▶ _Goal of the exercise_:
Across the listing below, count the lines holding "Design". State the number and nothing more.

▶ _Material supplied_:
==*==

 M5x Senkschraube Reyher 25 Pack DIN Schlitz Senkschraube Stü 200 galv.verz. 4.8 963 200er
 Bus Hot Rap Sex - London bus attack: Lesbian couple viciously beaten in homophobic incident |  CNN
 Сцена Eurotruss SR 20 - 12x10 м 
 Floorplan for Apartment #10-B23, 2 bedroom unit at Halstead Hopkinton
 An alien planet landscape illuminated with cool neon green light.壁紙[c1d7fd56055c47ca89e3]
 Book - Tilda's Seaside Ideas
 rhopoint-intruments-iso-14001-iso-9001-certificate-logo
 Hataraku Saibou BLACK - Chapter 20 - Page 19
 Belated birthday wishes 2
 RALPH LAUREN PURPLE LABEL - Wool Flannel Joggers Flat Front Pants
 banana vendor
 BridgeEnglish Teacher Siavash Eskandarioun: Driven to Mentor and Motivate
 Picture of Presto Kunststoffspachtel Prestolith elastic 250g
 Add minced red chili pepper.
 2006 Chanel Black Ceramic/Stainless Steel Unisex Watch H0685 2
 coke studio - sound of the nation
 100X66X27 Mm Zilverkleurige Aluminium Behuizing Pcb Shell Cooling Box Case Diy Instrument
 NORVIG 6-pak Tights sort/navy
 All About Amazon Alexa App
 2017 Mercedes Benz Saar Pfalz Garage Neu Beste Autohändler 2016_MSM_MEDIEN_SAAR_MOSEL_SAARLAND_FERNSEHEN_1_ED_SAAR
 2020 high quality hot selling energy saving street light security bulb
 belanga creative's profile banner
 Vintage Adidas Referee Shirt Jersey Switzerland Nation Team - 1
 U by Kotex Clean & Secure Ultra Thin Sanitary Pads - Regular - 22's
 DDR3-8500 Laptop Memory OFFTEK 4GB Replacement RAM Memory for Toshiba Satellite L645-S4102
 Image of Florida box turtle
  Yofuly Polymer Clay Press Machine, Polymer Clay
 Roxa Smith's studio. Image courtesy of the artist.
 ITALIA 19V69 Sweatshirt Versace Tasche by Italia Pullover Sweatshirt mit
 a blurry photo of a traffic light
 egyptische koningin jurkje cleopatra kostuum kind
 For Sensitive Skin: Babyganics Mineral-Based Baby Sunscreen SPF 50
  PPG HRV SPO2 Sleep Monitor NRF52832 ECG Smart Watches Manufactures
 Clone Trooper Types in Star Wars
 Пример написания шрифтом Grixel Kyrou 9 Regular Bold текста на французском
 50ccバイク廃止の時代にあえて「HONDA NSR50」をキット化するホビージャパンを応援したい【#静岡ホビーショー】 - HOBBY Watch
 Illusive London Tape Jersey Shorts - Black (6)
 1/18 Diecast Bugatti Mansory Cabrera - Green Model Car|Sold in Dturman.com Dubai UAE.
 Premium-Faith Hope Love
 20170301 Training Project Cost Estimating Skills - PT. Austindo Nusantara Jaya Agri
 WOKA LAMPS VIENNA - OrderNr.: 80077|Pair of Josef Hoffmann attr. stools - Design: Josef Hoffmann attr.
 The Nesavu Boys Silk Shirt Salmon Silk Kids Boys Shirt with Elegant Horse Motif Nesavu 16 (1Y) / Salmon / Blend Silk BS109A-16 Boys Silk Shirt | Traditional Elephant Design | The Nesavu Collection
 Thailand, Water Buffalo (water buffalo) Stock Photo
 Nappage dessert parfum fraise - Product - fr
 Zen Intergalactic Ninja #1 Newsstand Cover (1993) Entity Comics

==*==

▶ _Completed exercise_:
2